What a joke this game was, I remenber watching this game as a kid years ago and was quite entertaining at time's, last nite I watched about 5 minutes and turned it off, they could of just as well had 8 players on defence as that was about all that was playing out there.

I'm sure the rating were off the wall for this game.....


----------



## HUNTNFISHND (Mar 16, 2004)

I agree it's really gotten pathetic. Looked like the linemen were playing patty cake! :eyeroll:

I don't know why they keep playing this game. Just name an all pro team and recognize them during the Super Bowl pregame or something.


----------



## specialpatrolgroup (Jan 16, 2009)

I watched the first quarter and decided that I never had to watch it again.


----------



## southdakbearfan (Oct 11, 2004)

They seriously need to ditch the game.

Maybe have a skills competition with the top 6-10 from every position competing in different skills for a car or something for each group. Kind of like the QB skills competition and the NFL's fastest man competition with combine like drills, etc. Do it a couple weeks after the Superbowl. At least it might be entertaining and watchable.

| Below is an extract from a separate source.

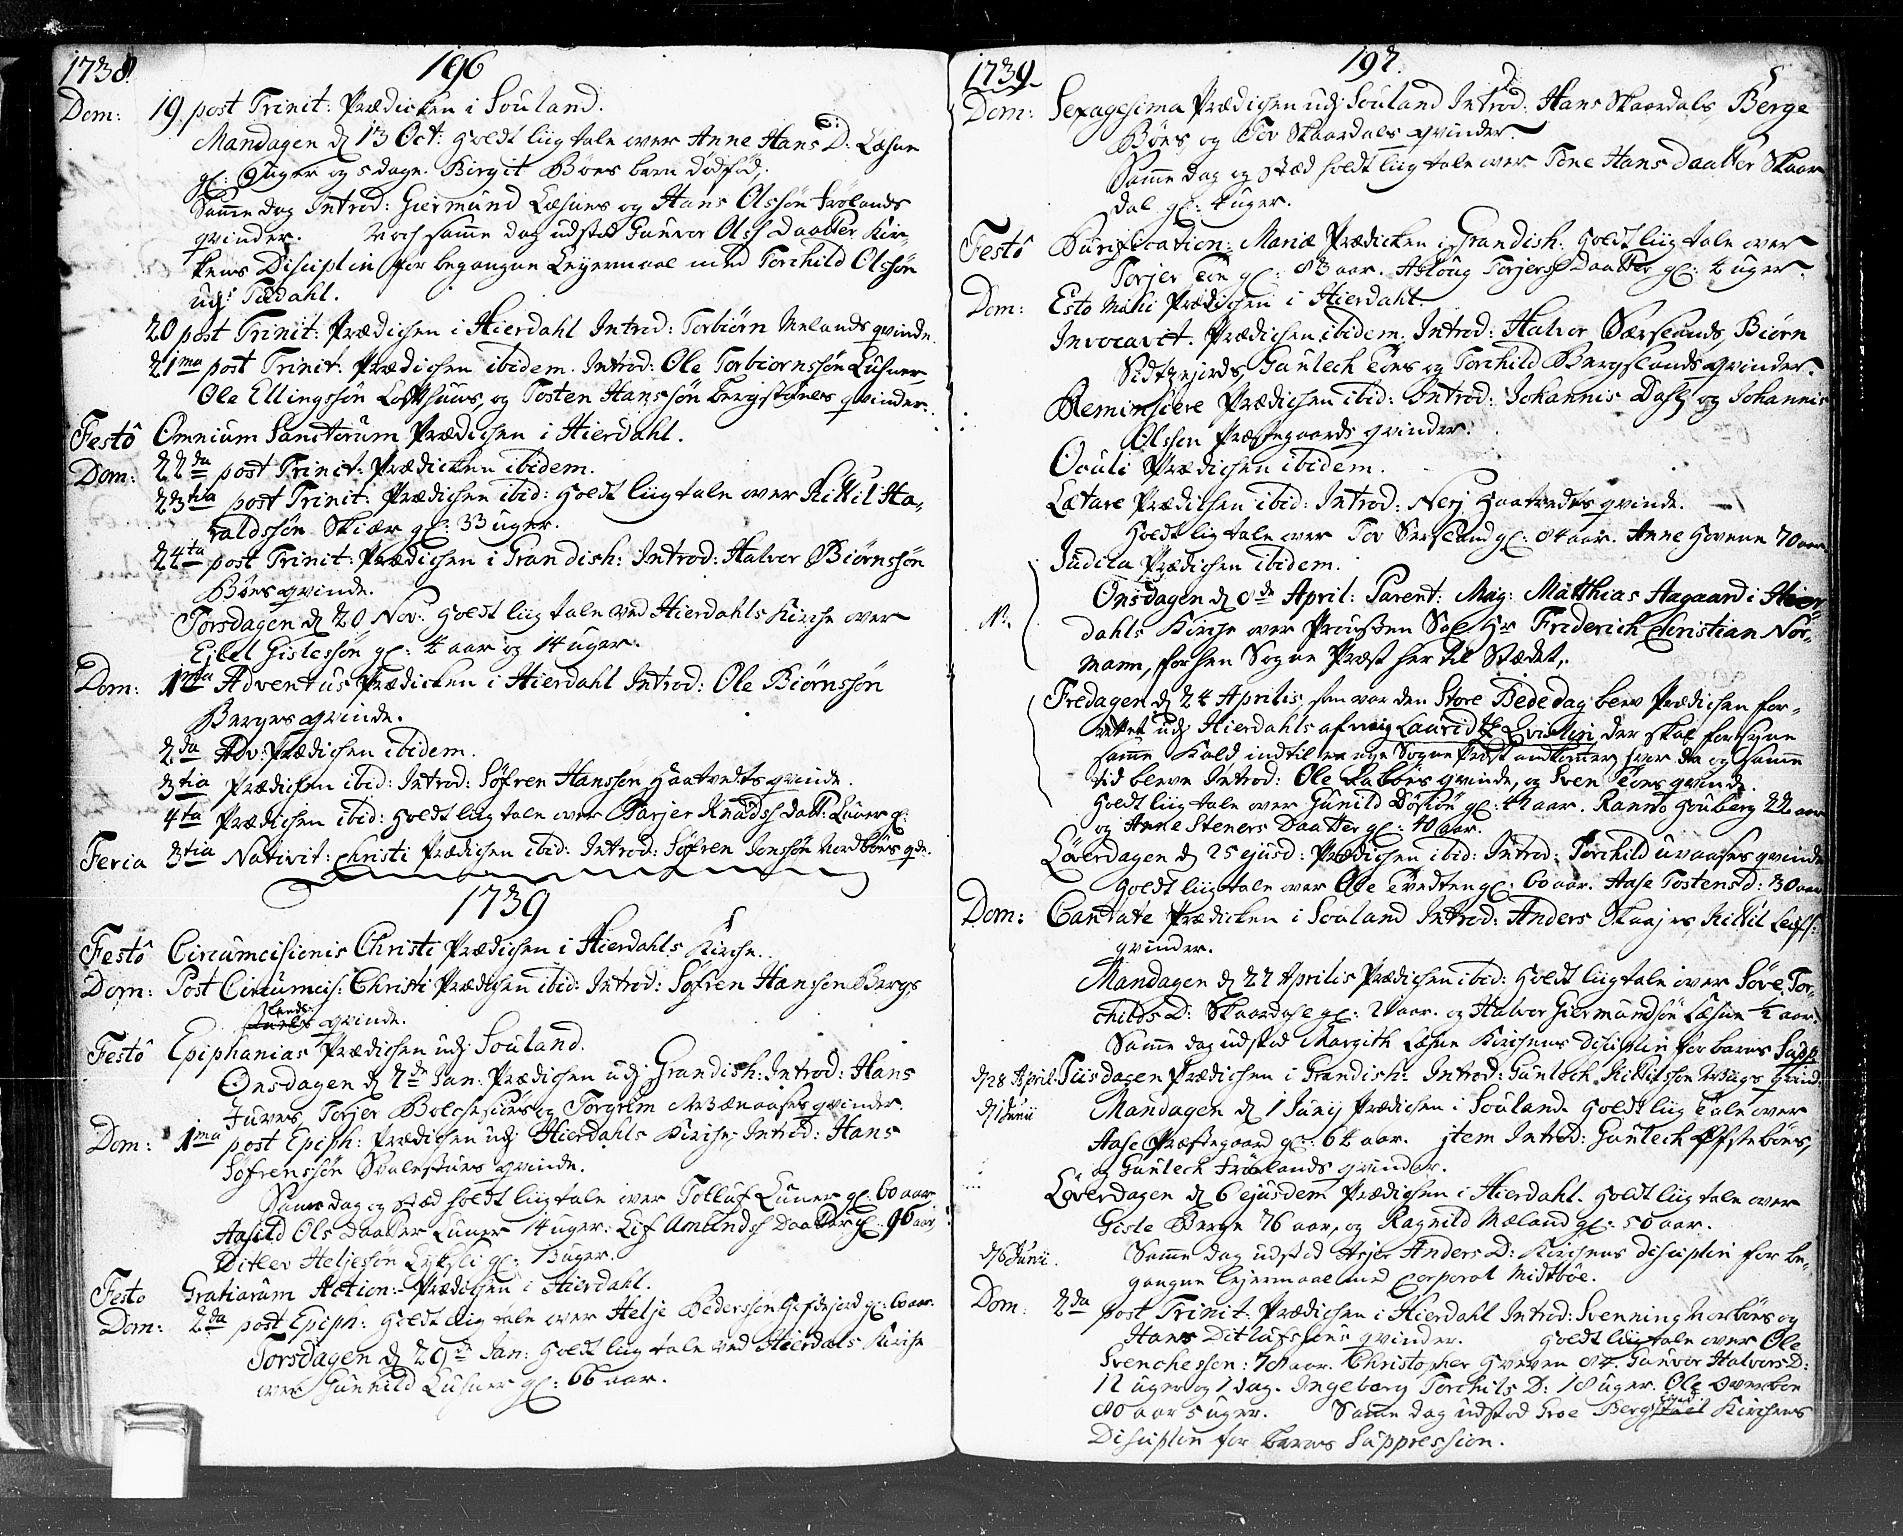 SAKO, Hjartdal kirkebøker, F/Fa/L0002: Ministerialbok nr. I 2, 1716-1754, s. 196-197

Did anyone catch the boo's right away in the game when both lines were just standing there and not going at it.


----------



## 9manfan (Oct 22, 2008)

southdakbearfan said:


> They seriously need to ditch the game.
> 
> Maybe have a skills competition with the top 6-10 from every position competing in different skills for a car or something for each group. Kind of like the QB skills competition and the NFL's fastest man competition with combine like drills, etc. Do it a couple weeks after the Superbowl. At least it might be entertaining and watchable.
> 
> Did anyone catch the boo's right away in the game when both lines were just standing there and not going at it.


Ya, it was like the lineman were in a walk thru practice,it was not football, I know that.

I like your idea of a skill competition, at least that would be entertaining to watch, I'm sure no one wants to get hurt in this game but that game was awfull.


----------



## specialpatrolgroup (Jan 16, 2009)

What happened to teh QB challenge, that used to be the best part.


----------



## duckp (Mar 13, 2008)

Yeh pathetic.Delete it or 'play' it a day or two before the Super Bowl and give the traveling fans another diversion.


----------



## bluebird (Feb 28, 2008)

specialpatrolgroup said:


> What happened to teh QB challenge, that used to be the best part.


100% agree. That was the best part by far


----------



## nodakoutdoors.com (Feb 27, 2002)

I went fishing instead - a lot more entertaining.


----------



## 9manfan (Oct 22, 2008)

Chris Hustad said:


> I went fishing instead - a lot more entertaining.


Smart choice,I actually had just got home from fishing and was watching the t-wolves and remembered the pro bowl, turned it on and couldn't believe how big a joke it was..... uke: .....


----------